FARGO – The epiphany hit Melissa Raguse two years ago while she was sitting in Atlanta’s Georgia Dome.
She was at a Christian conference for college students, listening to a talk about human trafficking. The speaker told the crowd that more than 20 million people were enslaved around the globe.
When Raguse began trying to put a face to each of those millions, that’s when the magnitude of the problem struck her, and she realized her calling was to help victims of sexual exploitation.
“At that point, I didn’t know how. I didn’t know what to do yet, but I knew that that’s what I was supposed to do,” she said. “The light bulb came on.”
Raguse, who grew up in Atlanta, went on to finish college at Kennesaw State University in Georgia, where she majored in criminal justice. She married a North Dakota State University grad and moved to Fargo.
With that light bulb still burning bright, Raguse is now working to found 1ForceUnited, a nonprofit organization with a mission of spreading the word about human trafficking and empowering its victims.
“We want to rescue as many people as we can, so we’re partnering with people like law enforcement,” she said. “So they’ll call us if they have a rescue victim.”
Raguse, 22, plans soon to start a push to raise $500,000 to $750,000 over the next few years to open what she calls a restoration facility, with 12 to 15 beds. She envisions it as a secure place where victims can receive health care, food, clothing and other support that would help them transition to an independent life.
Raguse hopes eventually to hire staff, but right now it’s just her working full time on 1ForceUnited, with help from her husband, Ryan Raguse. She’s in the process of finding a Fargo site for the facility.
“Once we have the land to build on, we will get started as soon as funds are available,” she said.
While many hurdles remain before 1ForceUnited can become more than a vision, leaders of local nonprofit groups say there’s a need for a facility focused on caring for victims of human trafficking.
In the last year, Youthworks, which aides runaways and homeless youths in Fargo and Bismarck, has served at least five or six such victims, said Executive Director Melanie Heitkamp.
“There have been many more victims in our centers than we even knew because we didn’t know the right questions to ask,” she said.

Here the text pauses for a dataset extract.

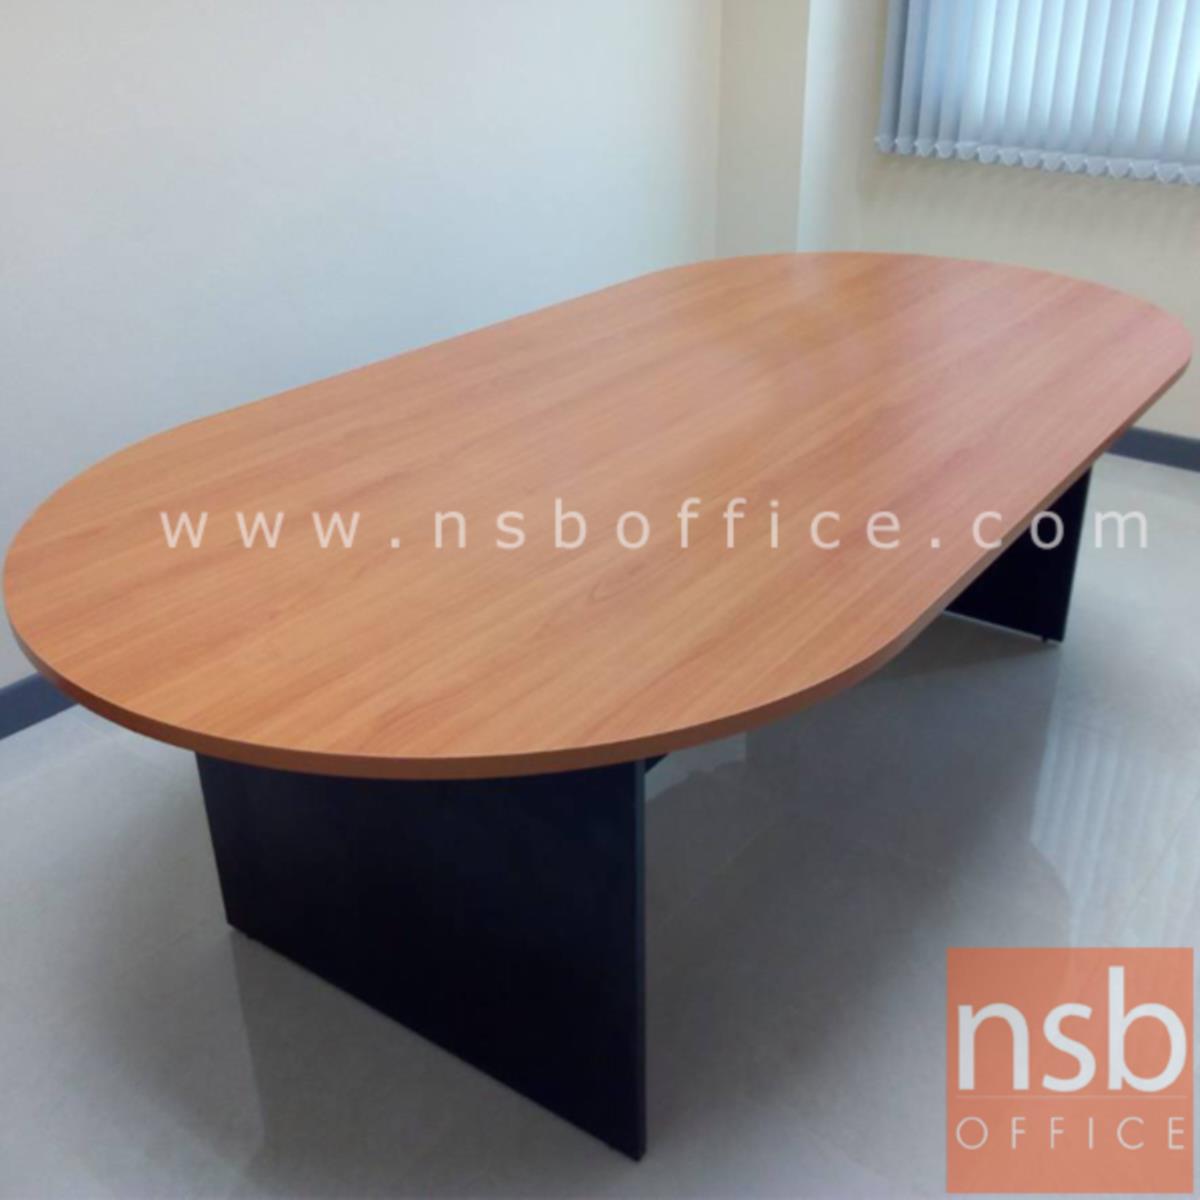 โต๊ะประชุมหัวโค้ง  ขนาด 180W, 200W, 240W cm.  ขาไม้

When trying to break free of the control of pimps, victims sometimes feel they’re in danger and they may have security needs that a specialized facility could help with, Heitkamp said.
“I do think it’s really important to have a place that knows how to handle these situations because they’re tricky,” she said.
Lately, human trafficking has received much attention from politicians and victims’ advocates in North Dakota and elsewhere. Just last week, three events in Fargo spotlighted the issue, including one Friday, where U.S. Sen. Heidi Heitkamp, Melanie Heitkamp’s sister, hosted a training session on how to recognize sexual exploitation and how to take action against it.
In western North Dakota, the influx of a largely male workforce in the Oil Patch has brought with it a demand for prostitutes. And in some cases, this sex for sale has turned out to be human trafficking.
Law enforcement has had some success in identifying these cases. But tracking the number of victims in the state is difficult because not every agency – nonprofit, government or otherwise – is counting, Melanie Heitkamp said, noting that without data, grant money becomes difficult to obtain.
“We’ve got a lot of catching up to do in how we’re handling victims and how we’re helping them,” she said.
In Williston, Windie Jo Lazenko has embarked on a project similar to 1ForceUnited. Lazenko, a Southern California native who moved to North Dakota seven months ago, runs 4her North Dakota, a nonprofit group that aims to open a 30-day crisis shelter with at least six beds for victims of sexual exploitation.
“North Dakota is experiencing a great deal of human trafficking,” said Lazenko, who welcomes other efforts to assist victims. “We need more than 4her North Dakota to be able to provide statewide services.”
This summer, Lazenko is planning an outreach program that would visit truck stops, common markets for prostitution, and would let potential victims know that her organization can help them.
“A lot of the girls don’t understand that they’re people that count their lives as worthy and really want to see them live a purposeful life,” she said.